Capital contributed by the owner or entrepreneur of a business, and obtained, for example, by
means of savings or inheritance, is known as own capital or equity, whereas that which is granted by
another person or institution is called borrowed capital, and this must usually be paid back with
interest. The ratio between debt and equity is named leverage. It has to be optimized as a high
leverage can bring a higher profit but create solvency risk.

Borrowed capital[edit]
This is capital which the business borrows from institutions or people, and includes debentures:

Redeemable debentures

Irredeemable debentures

Debentures to bearer

Ordinary debentures

bonds

deposits

loans

Own capital[edit]
This is capital that owners of a business (shareholders and partners, for example) provide:

Preference shares/hybrid source of finance

Ordinary preference shares

Cumulative preference shares

Participating preference shares

Ordinary shares

Bonus shares

Founders' shares

These have preference over the equity shares. This means the payments made to the shareholders
are first paid to the preference shareholder(s) and then to the equity shareholders.

Issuing and trading[edit]


Like money, financial instruments may be "backed" by state military fiat, credit (i.e. social capital held
by banks and their depositors), or commodity resources. Governments generally closely control the
supply of it and usually require some "reserve" be held by institutions granting credit. Trading
between various national currency instruments is conducted on a money market. Such trading
reveals differences in probability of debt collection or store of value function of that currency, as
assigned by traders.
When in forms other than money, financial capital may be traded on bond markets or reinsurance
markets with varying degrees of trust in the social capital (not just credits) of bond-issuers, insurers,
and others who issue and trade in financial instruments. When payment is deferred on any such
instrument, typically an interest rate is higher than the standard interest rates paid by banks, or
charged by the central bank on its money. Often such instruments are called fixed-income
instruments if they have reliable payment schedules associated with the uniform rate of interest.

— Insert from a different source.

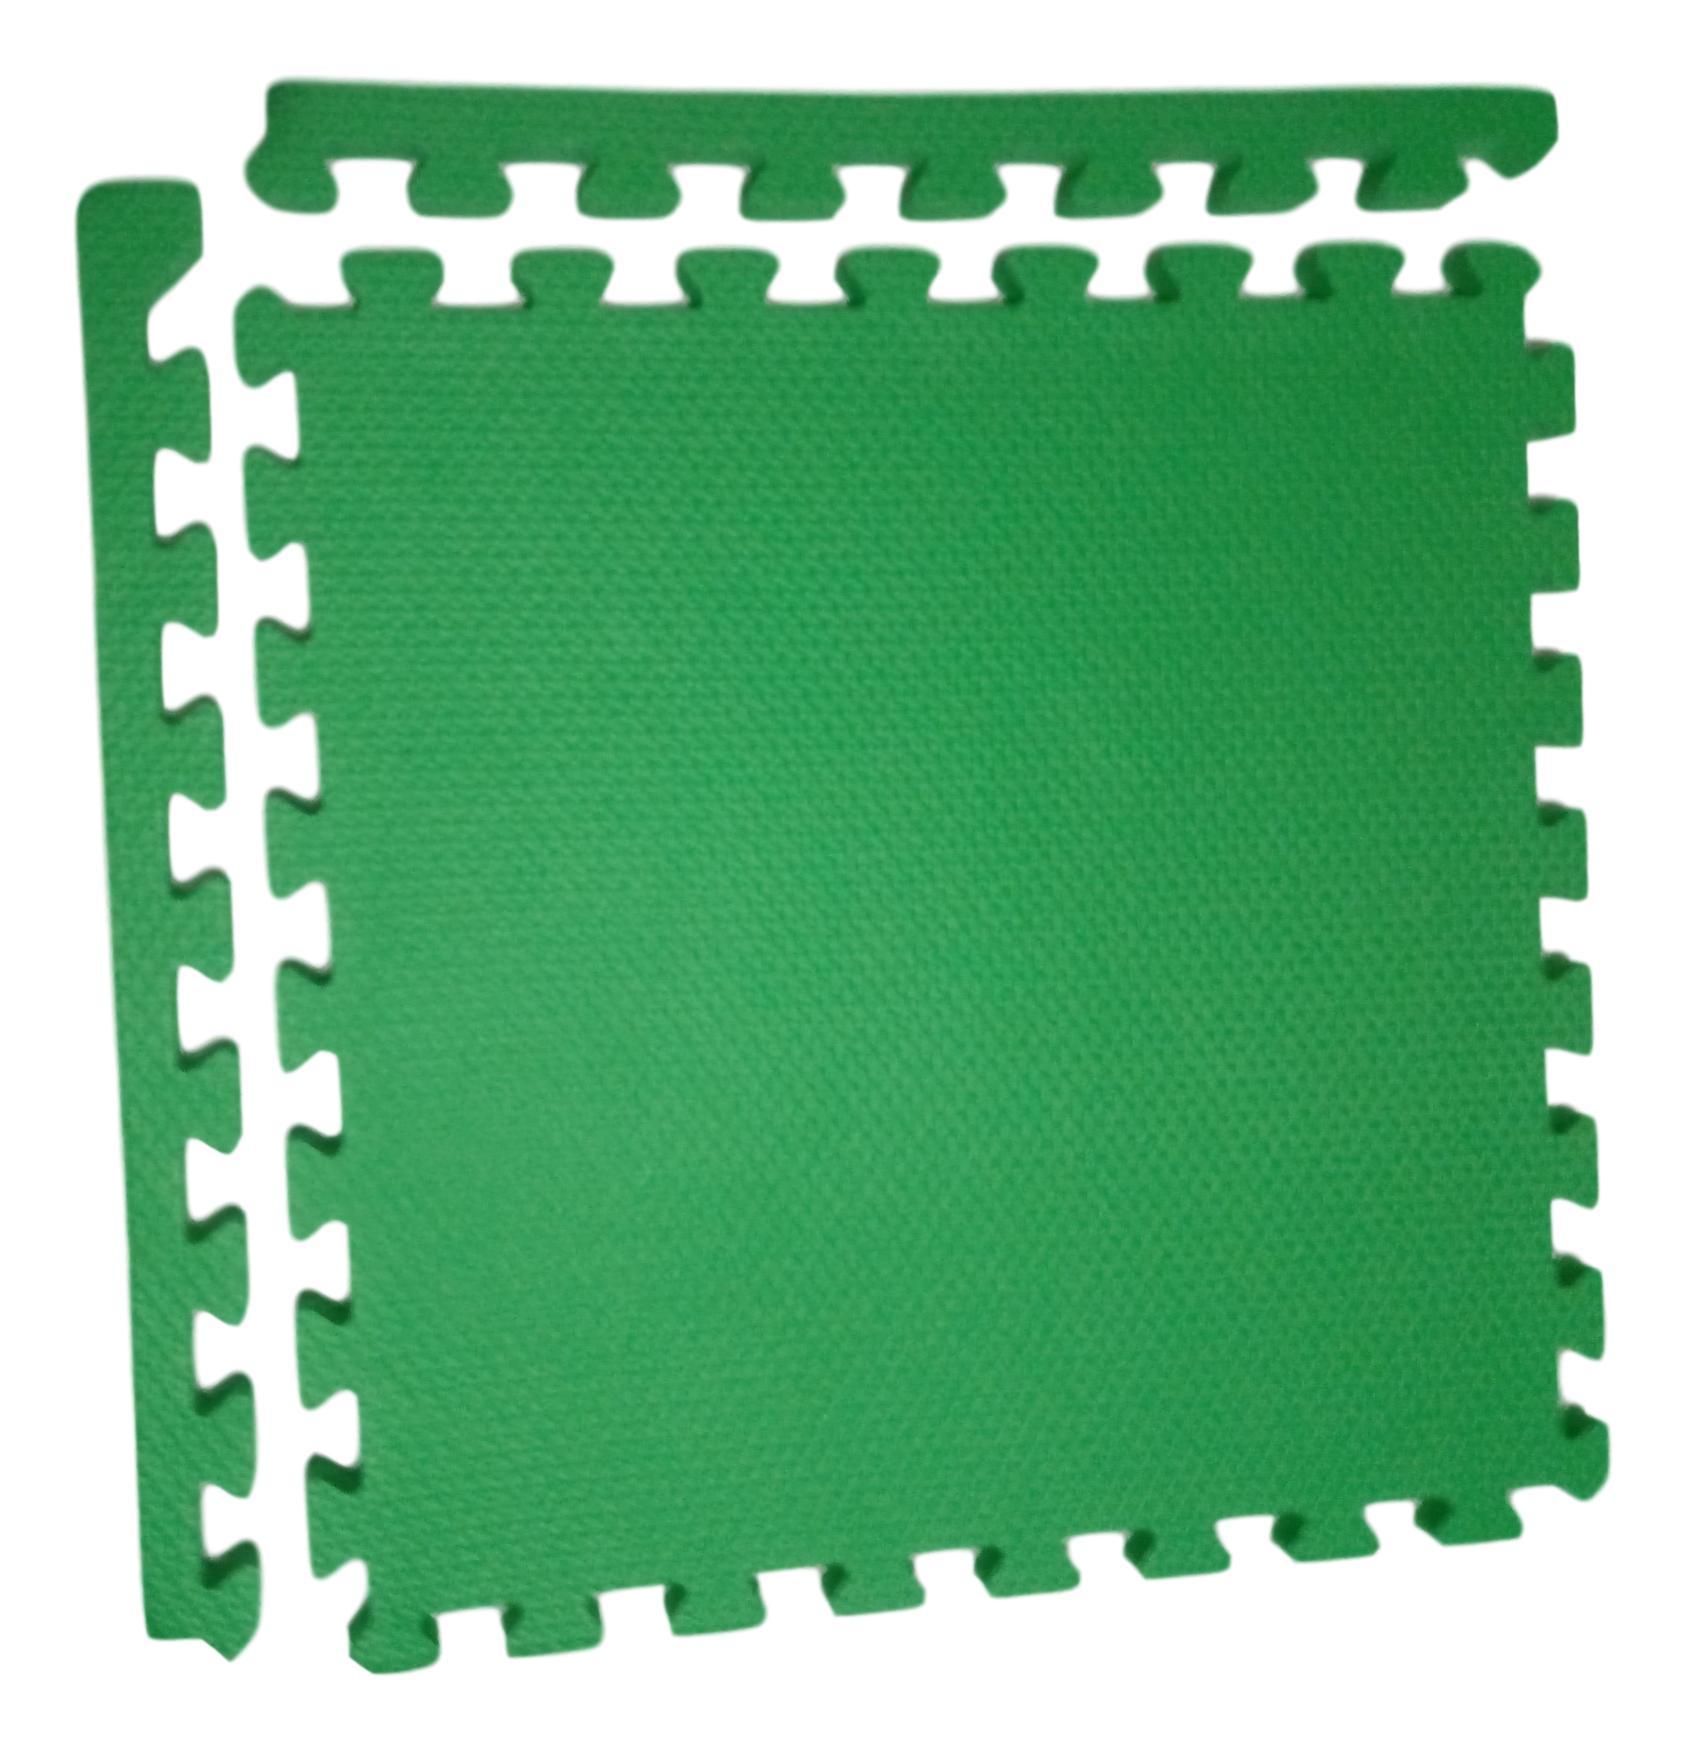 Kit 12 Tapetes Tatames Coloridos Eva 50cm X 50cm X 15mm C/ Borda
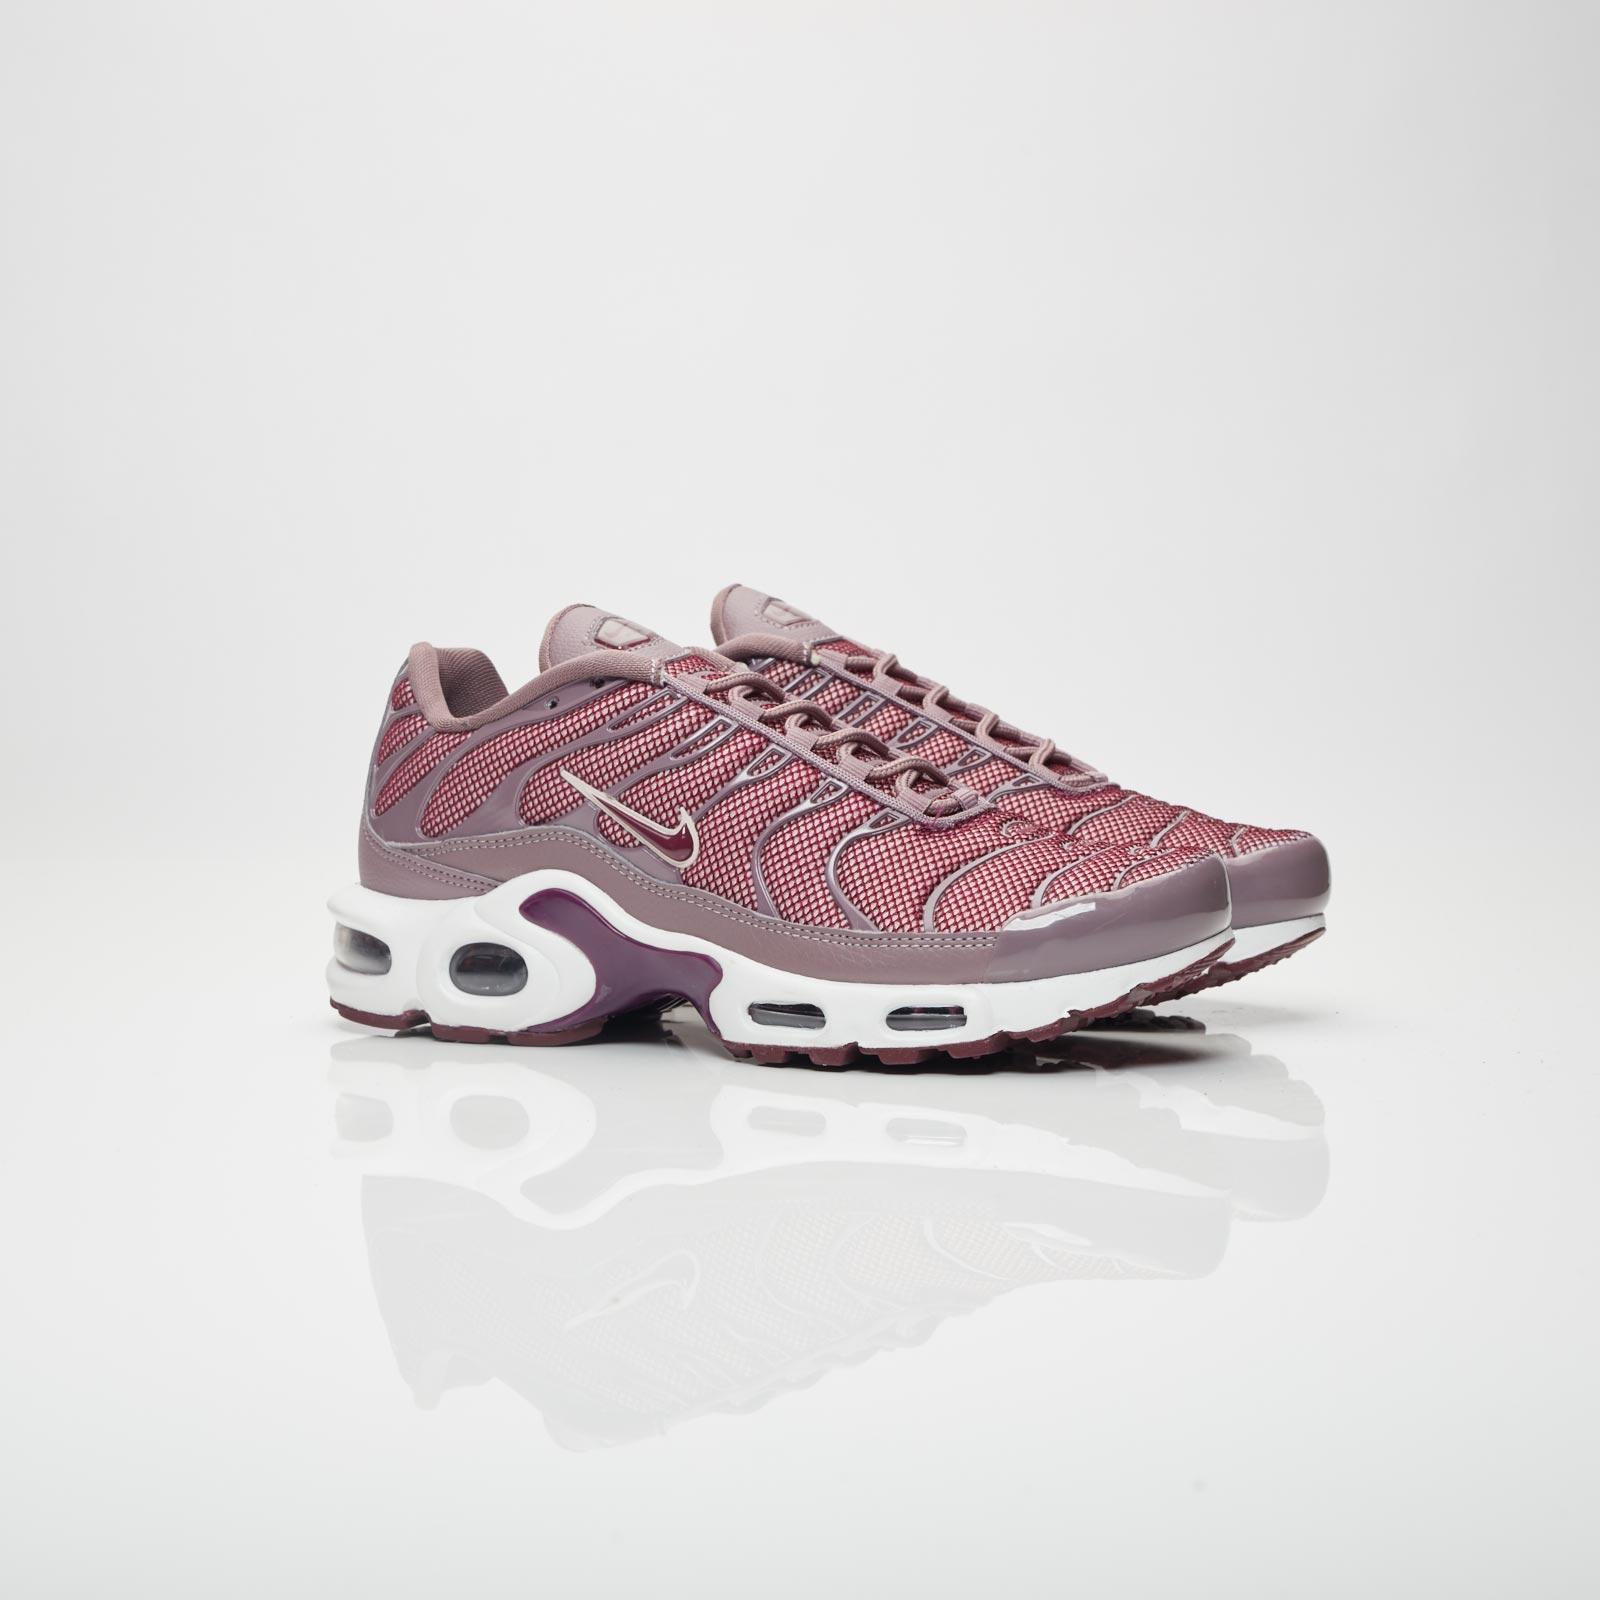 Nike Wmns Air Max Plus 605112 200 Sneakersnstuff

A
variable-rate instrument, such as many consumer mortgages, will reflect the standard rate for
deferred payment set by thecentral bank prime rate, increasing it by some fixed percentage. Other
instruments, such as citizen entitlements, e.g. "U.S. Social Security", or other pensions, may be
indexed to the rate of inflation, to provide a reliable value stream.
Trading in stock markets or commodity markets is actually trade in underlying assets which are not
wholly financial in themselves, although they often move up and down in value in direct response to
the trading in more purely financial derivatives. Typically commodity markets depend on politics that
affect international trade, e.g. boycotts and embargoes, or factors that influence natural capital, e.g.
weather that affects food crops. Meanwhile, stock markets are more influenced by trust in corporate
leaders, i.e. individual capital, by consumers, i.e. social capital or "brand capital" (in some analyses),
and internal organizational efficiency, i.e. instructional capital and infrastructural capital. Some
enterprises issue instruments to specifically track one limited division or brand. "Financial futures",
"Short selling" and "financial options" apply to these markets, and are typically pure financial bets on
outcomes, rather than being a direct representation of any underlying asset.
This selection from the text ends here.